* **Your task**:
In the data below, set down exactly the lines from the one containing "Sitzungssaal Bundesrat Berlin" up to and including the one containing "チキン 作り方 ufo". Leave the pictures out.

* **Given data**:
· · ·

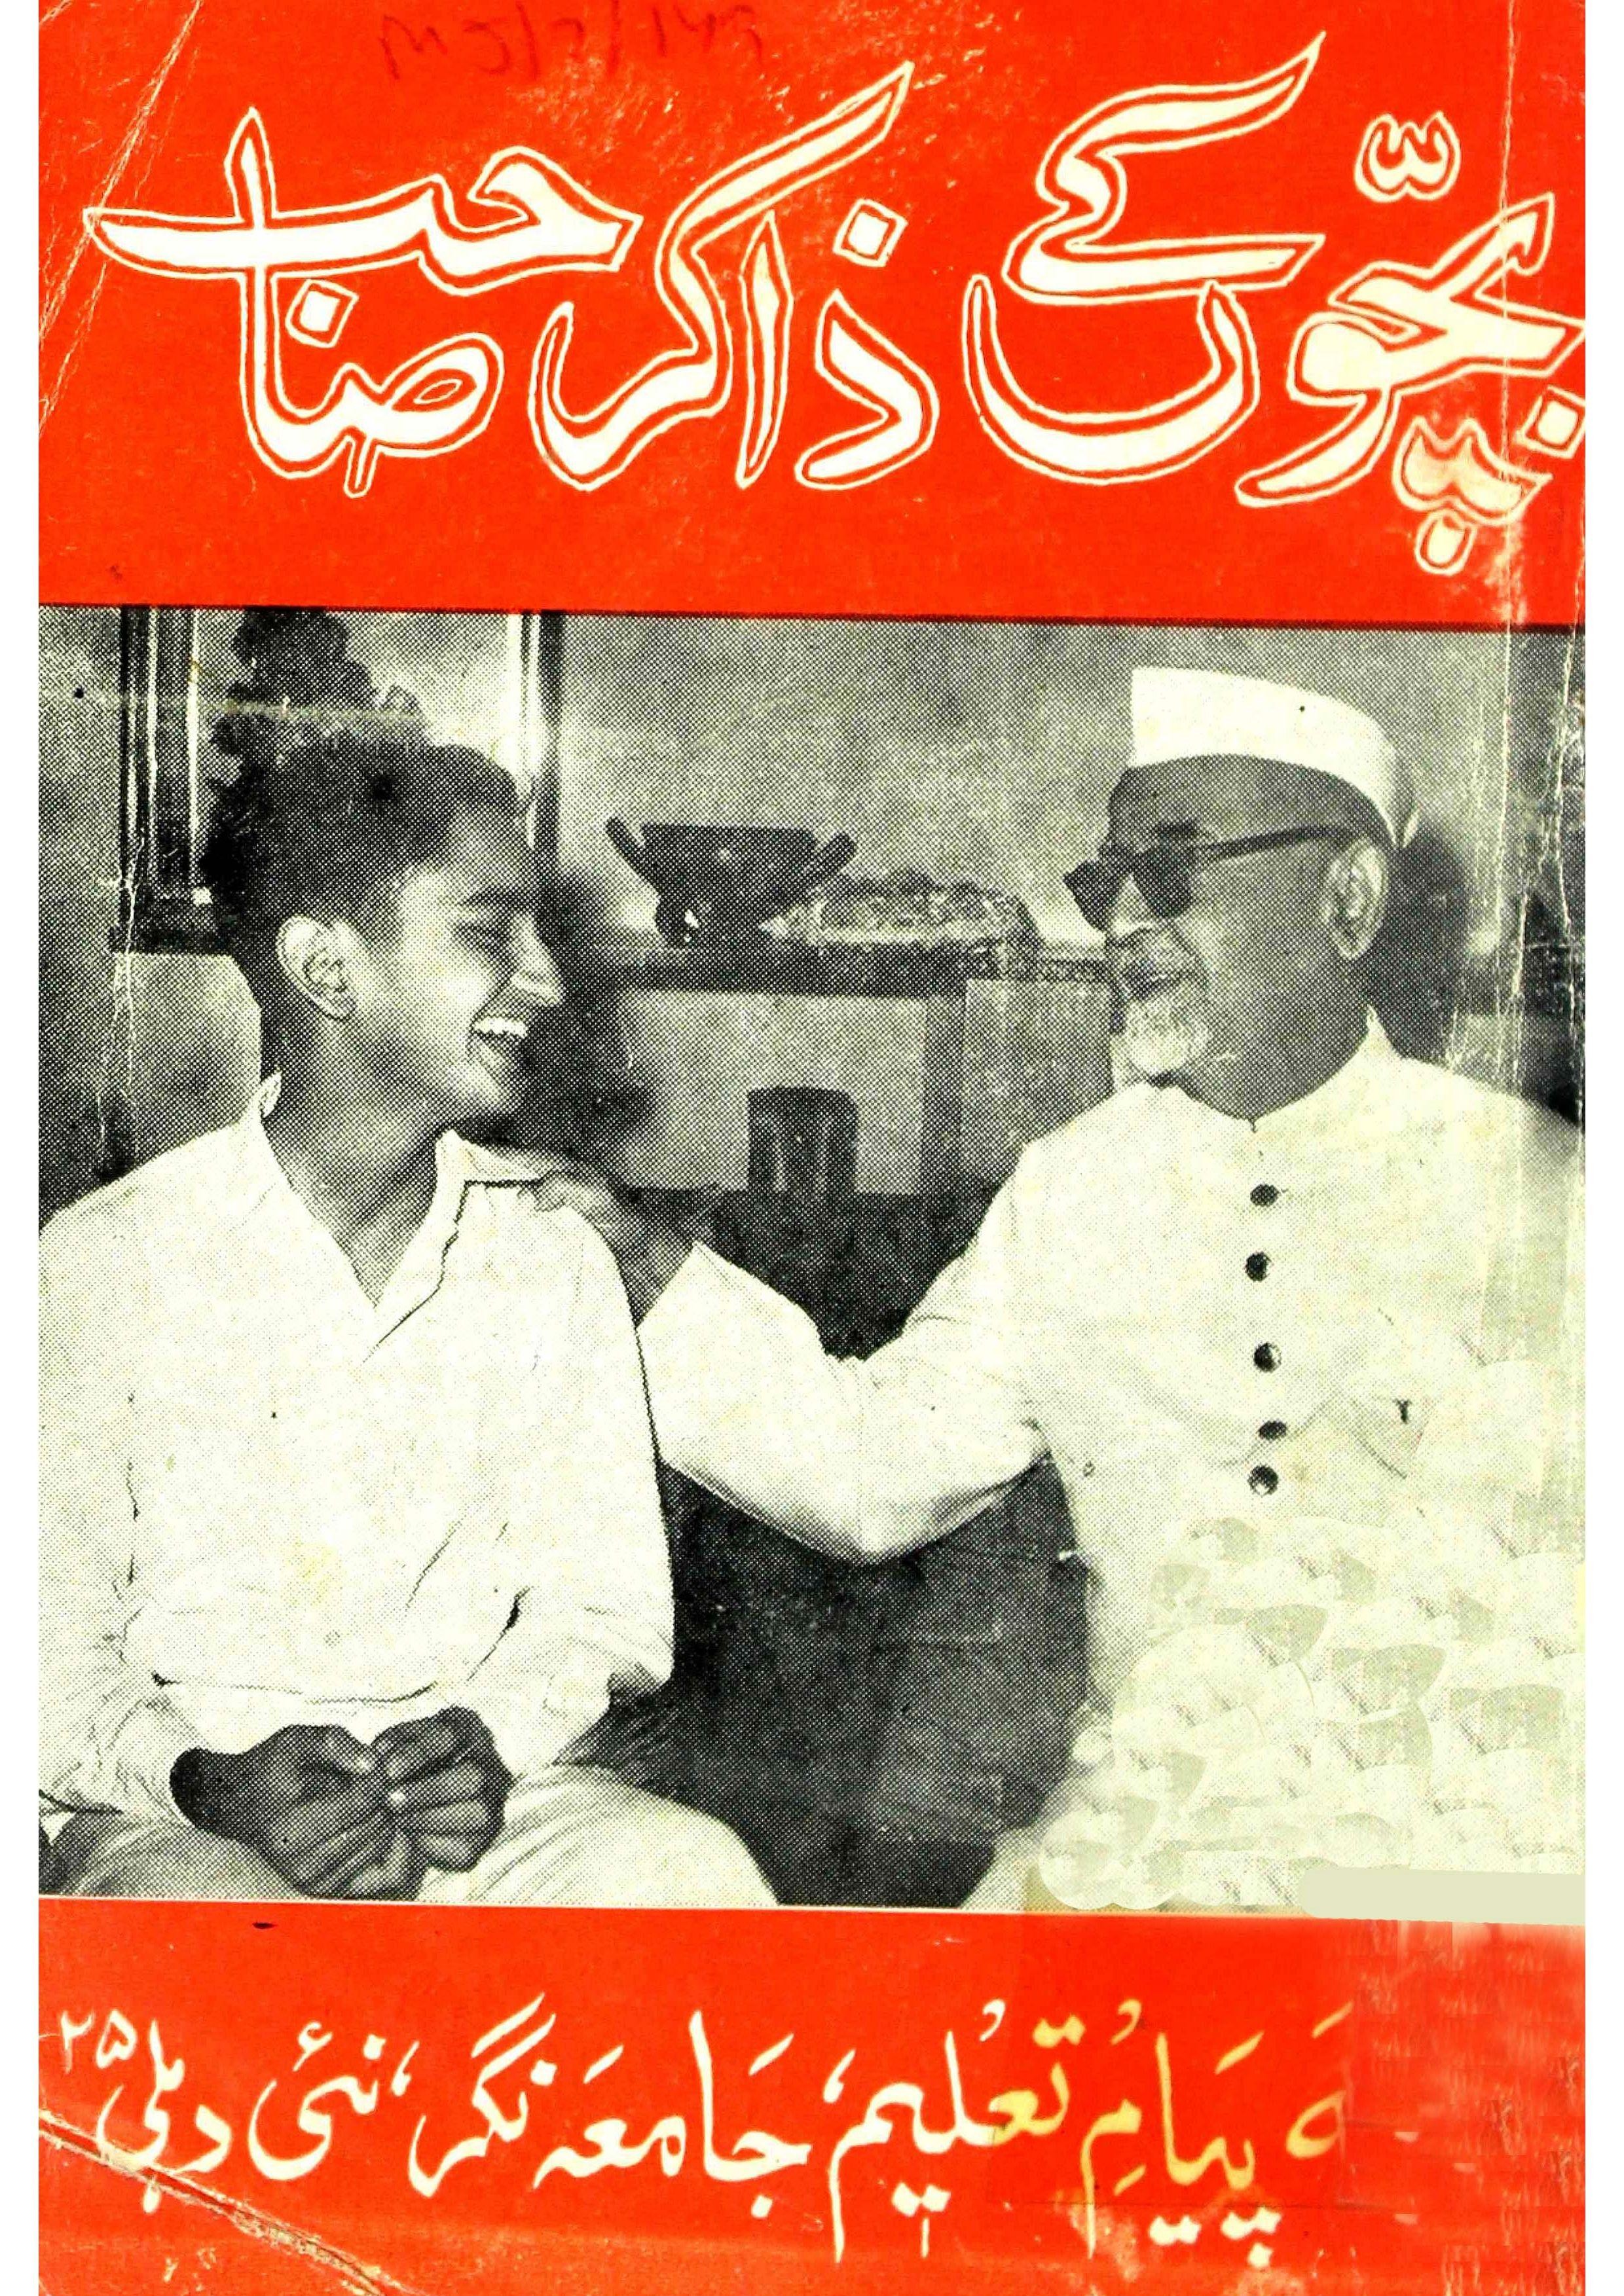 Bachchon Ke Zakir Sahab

· · ·

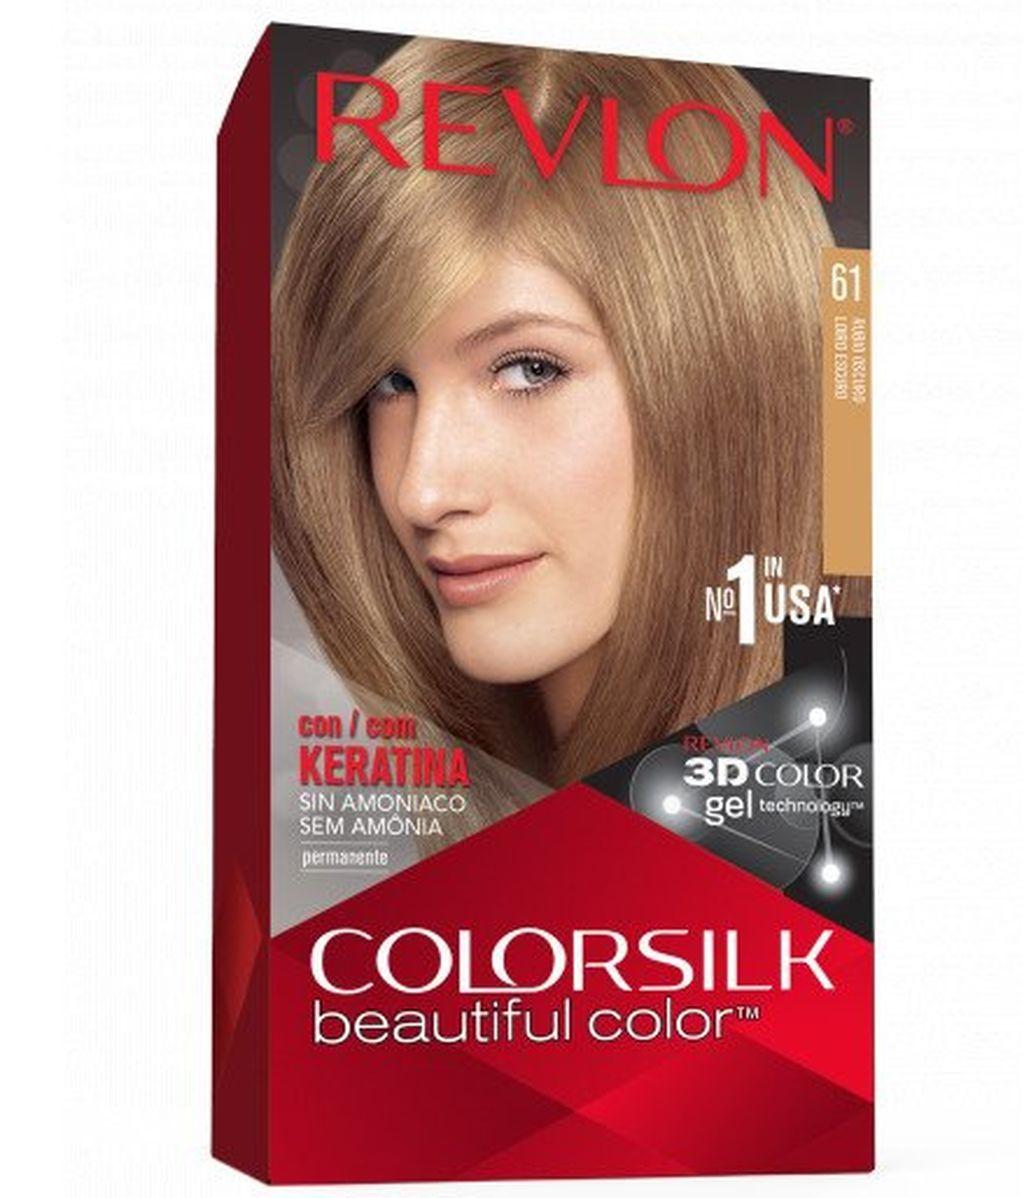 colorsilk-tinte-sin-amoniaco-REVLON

· · ·

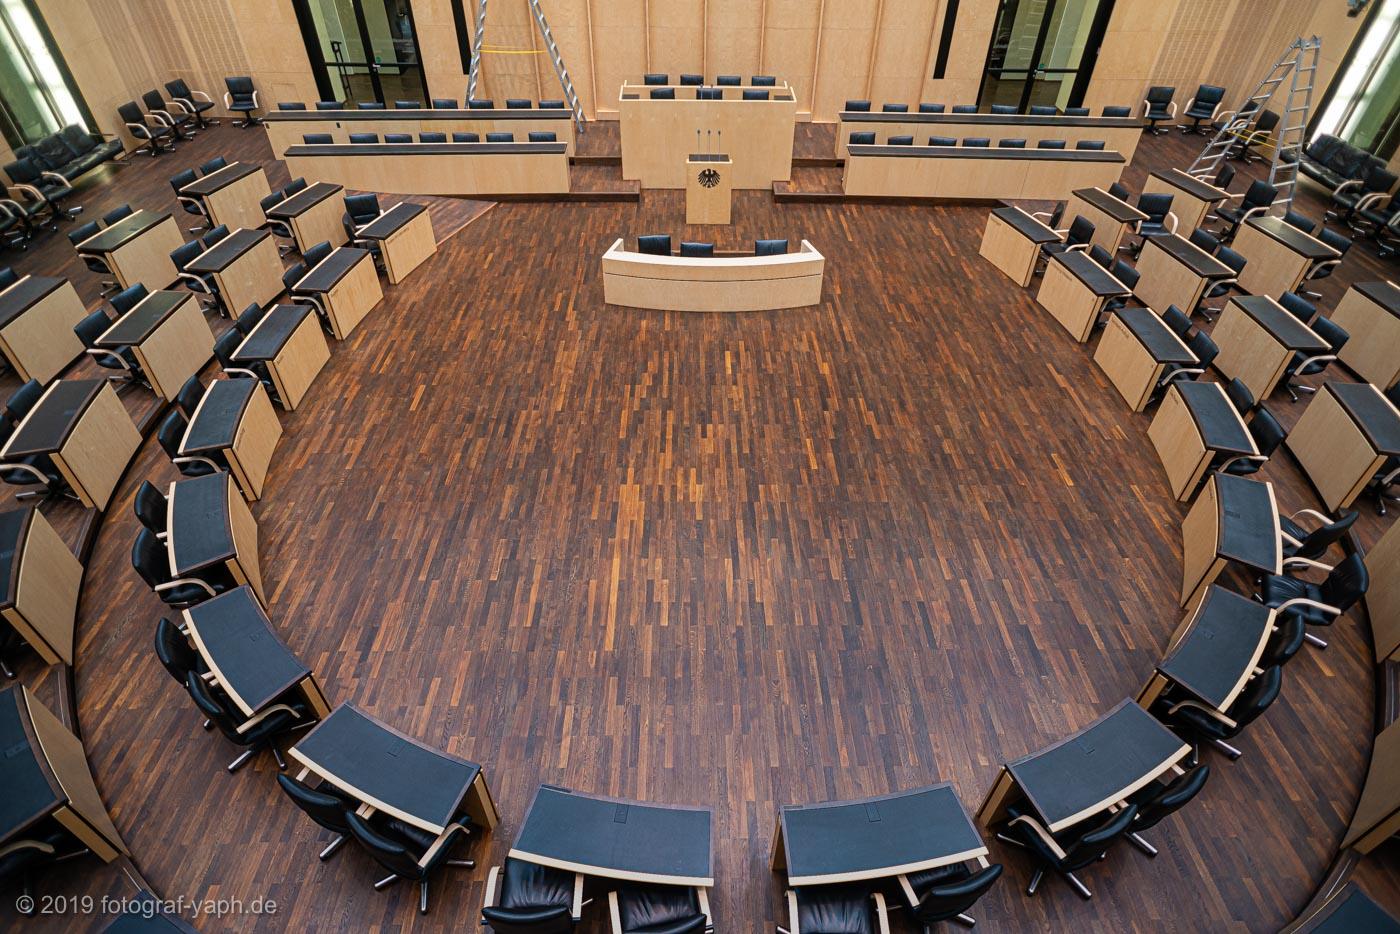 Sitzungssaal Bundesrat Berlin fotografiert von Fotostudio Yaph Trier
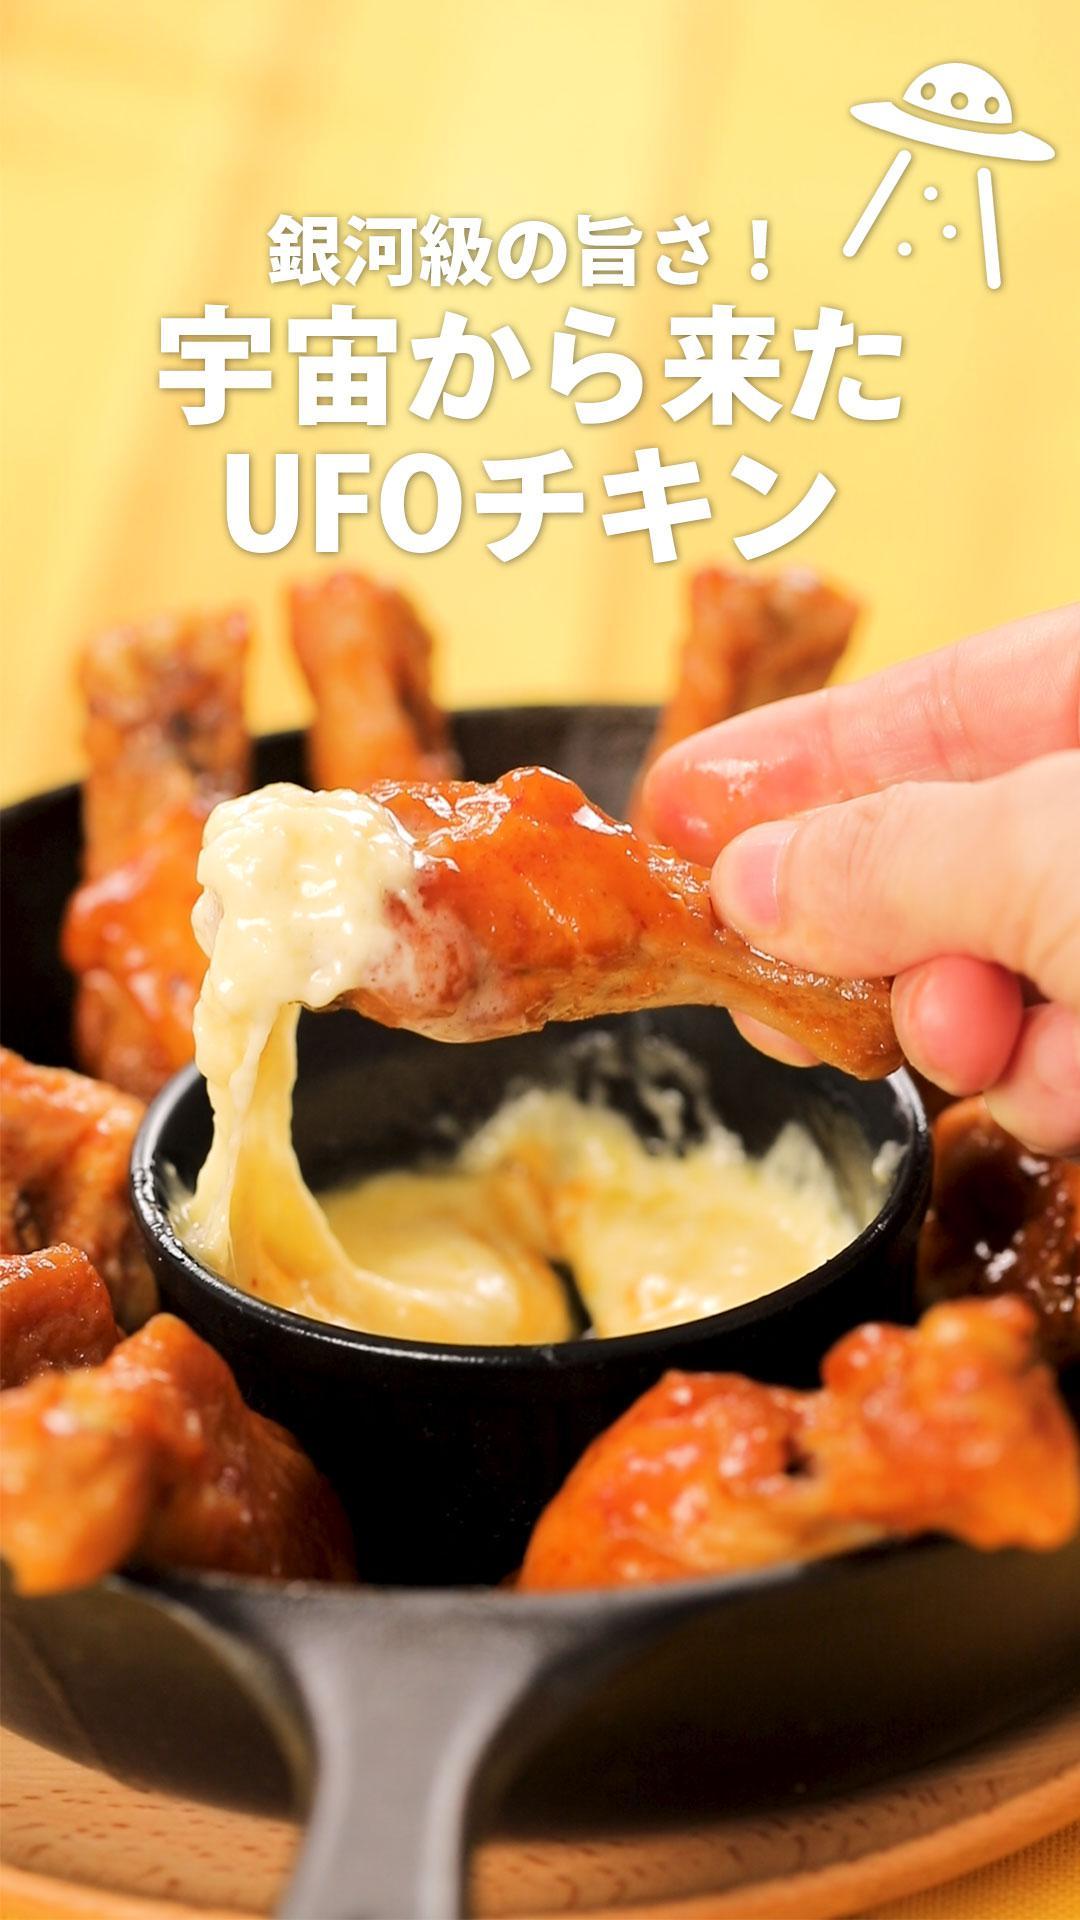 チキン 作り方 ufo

· · ·

* **Your response**:
 Sitzungssaal Bundesrat Berlin fotografiert von Fotostudio Yaph Trier
 チキン 作り方 ufo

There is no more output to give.